George M. (264497)

He transformed a gang-infested South LA high school where kids were too afraid to attend into a place where enrollment swelled into the thousands and hundreds more who desired admission were put on a waiting list.  

Classrooms that were once covens of delinquency became pathways to success.

Teachers who fled in fear for their lives were replaced with instructors who didn’t just teach but led with a commitment to go beyond the call of duty.

This was George Washington Preparatory High School in late 1979.  This was former Principal George McKenna III’s defining moment.

The California African American Museum (CAAM) will hold “It’s a Reunion! Washington Prep High School” from 6:30 to 9 p.m. on Wednesday, July 18 located in Los Angeles’ Exposition Park at 600 State Drive. Admission is free, parking is $15, and registration is encouraged.
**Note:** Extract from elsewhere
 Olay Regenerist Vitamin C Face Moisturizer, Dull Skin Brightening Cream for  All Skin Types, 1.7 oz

“I was approached by Washington Prep Alumni Tonya Matthews who heard about the CAAM exhibit and shared how many successful creatives from the entertainment industry came from the community despite its perceptual challenges,” said Chelo Velasco Montoya, director of Education and Public Programs at CAAM.
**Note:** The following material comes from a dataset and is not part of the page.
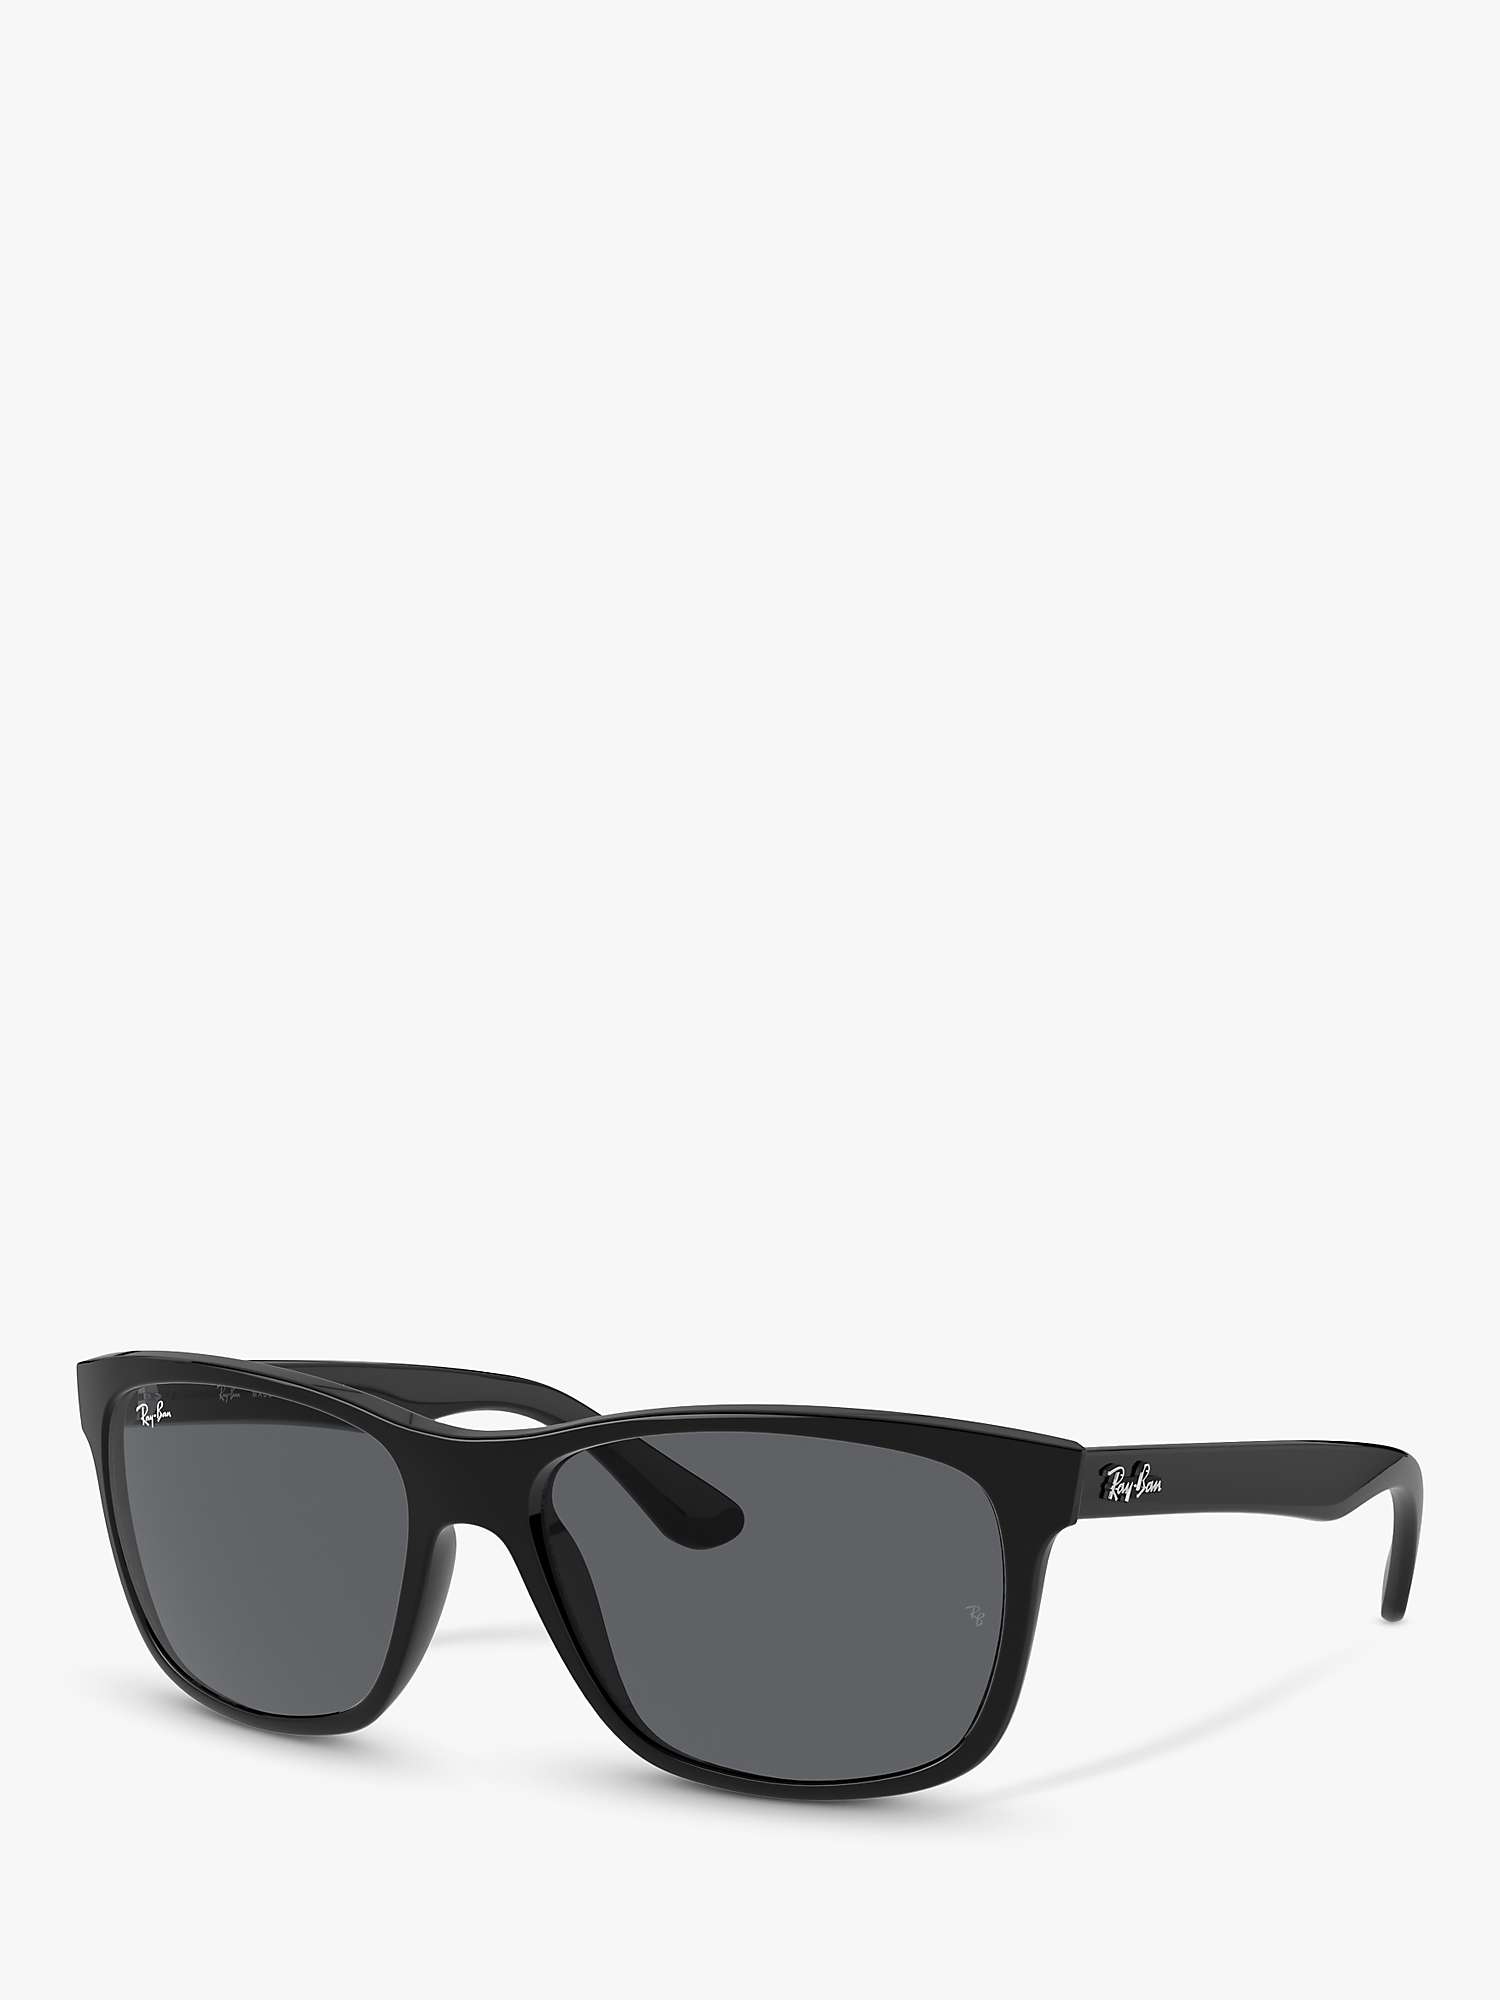 Buy Ray-Ban RB4181 Men's D-Frame Sunglasses Online at johnlewis.com

Montoya said Matthews provided a list of names of notable alumni which reads like a Hollywood red carpet. They panelists will include actress Wendy Raquel Robinson best known for her roles on the sitcoms “The Game” and “The Steve Harvey Show”; producer and writer Devon Sheppard, a writer on Showtime’s “Weeds” and a show runner on “The Legends of Chamberlain Heights’ on Comedy Central; and hip-hop recording artist and actress Yolanda Whitaker, also known as Yo-Yo, one of the most critical influential female voices of hip hop who collaborated with Quincy Jones, Ice Cube, Tupac and others.

L.A. legend Dr. George McKenna, who was actually portrayed by Denzel Washington in a film based on his contributions to the school, will moderate.

More than 30 years ago, CBS-TV aired the groundbreaking biopic titled “The George McKenna Story.” A cast of emerging Black stars highlight McKenna’s dangerous job as principal of a tough, inner-city school.  Oddly, the movie has been renamed “Hard Lessons” and can be seen on Netflix.

Perhaps the movie title change reflects how education has either forgotten or feels it has moved beyond that era.  Ironically, the movie was made about McKenna’s success in transforming a school, but today the Los Angeles Unified School District still faces low-performing public schools and charter schools that overpromise and under deliver.

“…a movie should not be about a school that works,” McKenna was quoted saying in a publication called “L.A. School Report” in 2016, the 30th anniversary of the movie. “It should work. Why should it be celebratory when it does work rather than invoking outrage when it doesn’t?” he added.

Ideally, he’s right.  “It should work.”  

In 1962, McKenna accepted a teaching position in the LAUSD. While continuing his education at Loyola University Law School, the University of California, Los Angeles and California State University at Los Angeles, McKenna remained a teacher, working at both the secondary and college levels.

McKenna became principal of George Washington Preparatory High School in 1979.  This was a unique time because the Athens community where the school is located was predominantly White.

“Following the Watts apprising of 1965, the diaspora of “White flight” resulted in 0% Caucasian students by 1970,” said McKenna who currently serves on the LAUSD Board of Education, District 1.

“African-American enrollment was nearly 90%, and the “Crips” gang originated in Athens in 1968. “  The rush of Black parents to voluntarily buss or integrate their children combined with White flight produced a perfect storm.  While McKenna navigated through the storm, he’s not a big believer in integration as much as he is a proponent of just good schools no matter what the student population is made of.  

Although this is a star is a star-studded reunion, the topic of discussion will focus on both humorous and sobering lessons learned from the past and how to uplift Los Angeles Unified School Districts burgeoning challenges.

Now, nearly 80, he has a vast repertoire of experiences to impart to educators, parents and students, making the CAAM event a mandatory attendance for all the above.